There is MAHOUT-950, which cleans up some of the mixed-usage tricks for
using MultipleOutputs. It does not pass tests under 0.20.203, though.
Under various 23.x-SNAPSHOTS, -822 required -950 to pass all tests, but
I guess before 0.23.1 was released, the earlier behavior was duplicated.
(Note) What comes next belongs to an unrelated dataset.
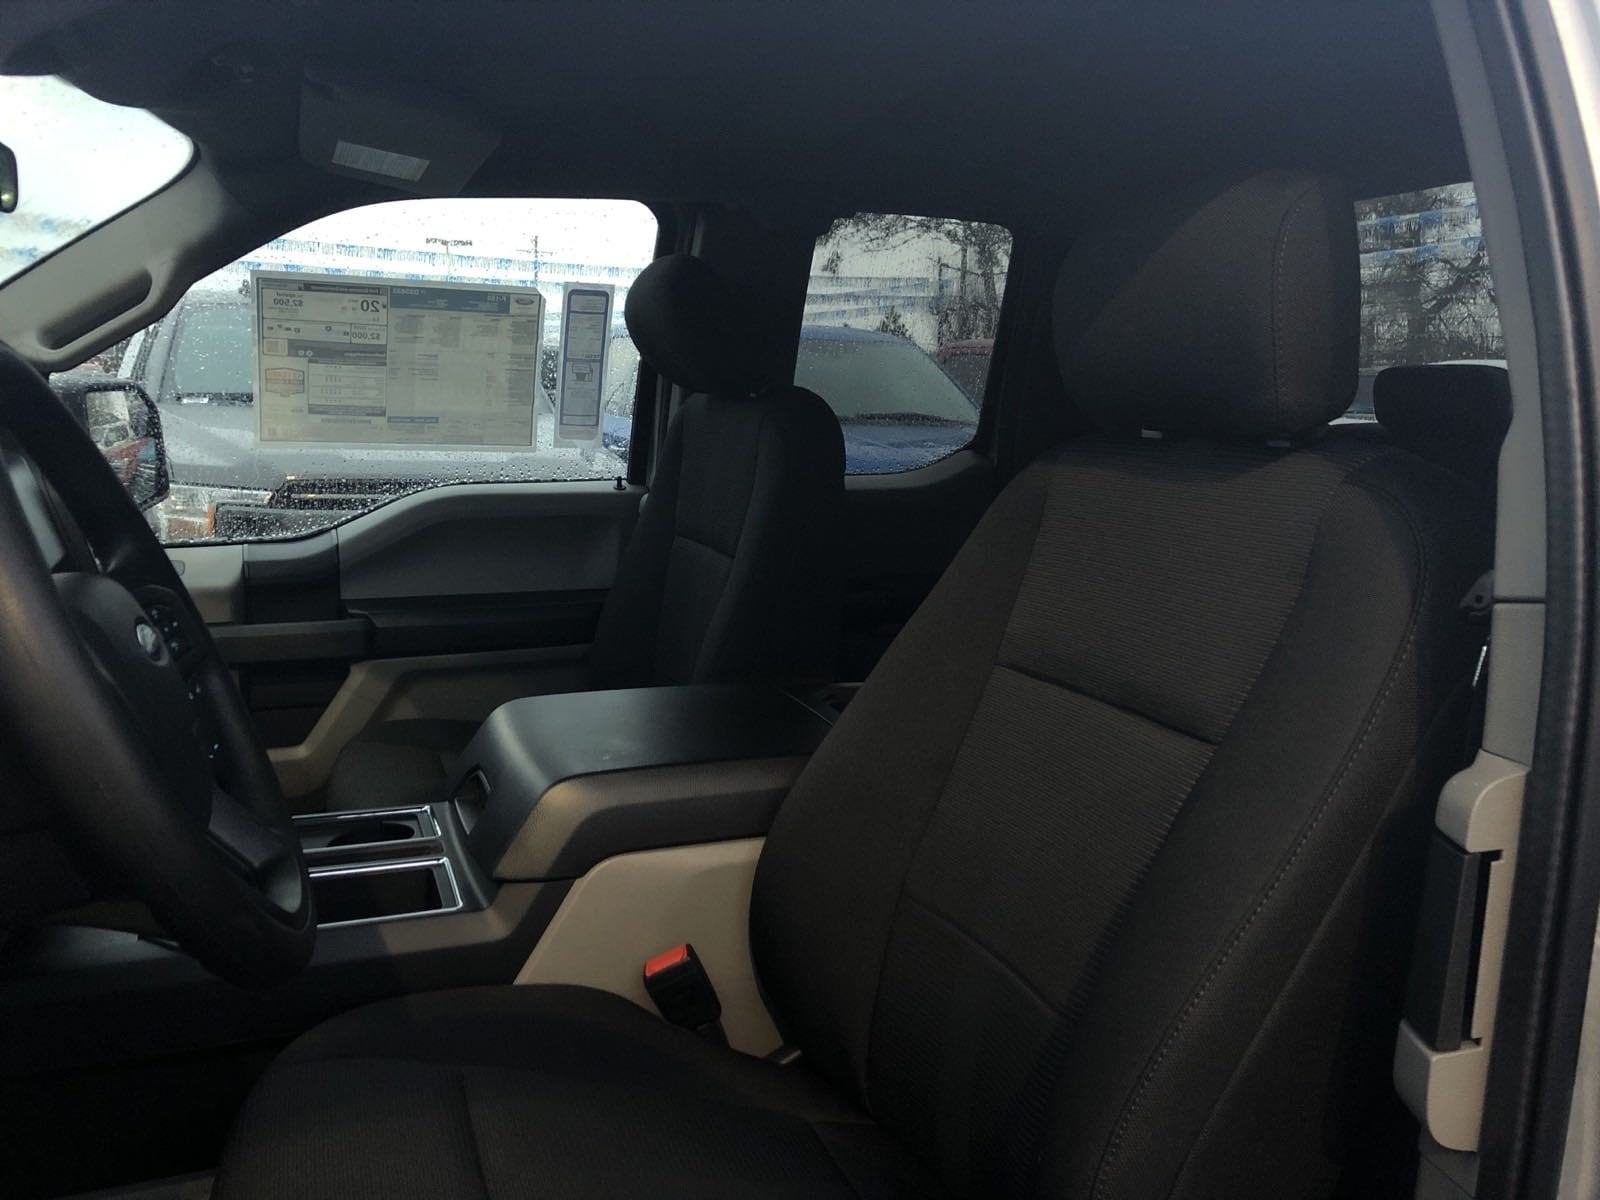 2020 F-150 Super Cab 4x4, Pickup #209337 - photo 1

Jeff did +1 the clustering changes in -822, and the HadoopUtil changes
are fixing the build under 0.23.1, not an old 0.20.x. Any objections to
this going in with the whitespace correction and comment removal
mentioned on reviewboard?
-tom
On 03/09/2012 01:52 PM, Dmitriy Lyubimov wrote:
On another note, i was primarily interested to see if this branch
tacles old/new api multiple outputs anywhere, it doesn't look like it
does. I think 0.20.203 already have support for new api multiple
outputs, i guess i can take care of it on some other branch. in fact
the methods i care about initially had been doing it 100% with new api
found in Cloudera distros and were hacked back to support 0.20.2 which
Mahout was shipped with. so i think i'll take a look at it at some
other issue separately.
On Fri, Mar 9, 2012 at 10:50 AM, Dmitriy Lyubimov<dlyubi...@apache.org> wrote:
On Thu, Mar 8, 2012 at 8:43 PM, tom pierce<t...@apache.org> wrote:
Is there someone you'd nominate as an additional reviewer?
This clustering stuff in Mahout is i think something Jeff is very
knowledgeable of. Unless he already was positive in the jira
discussion, maybe he can review?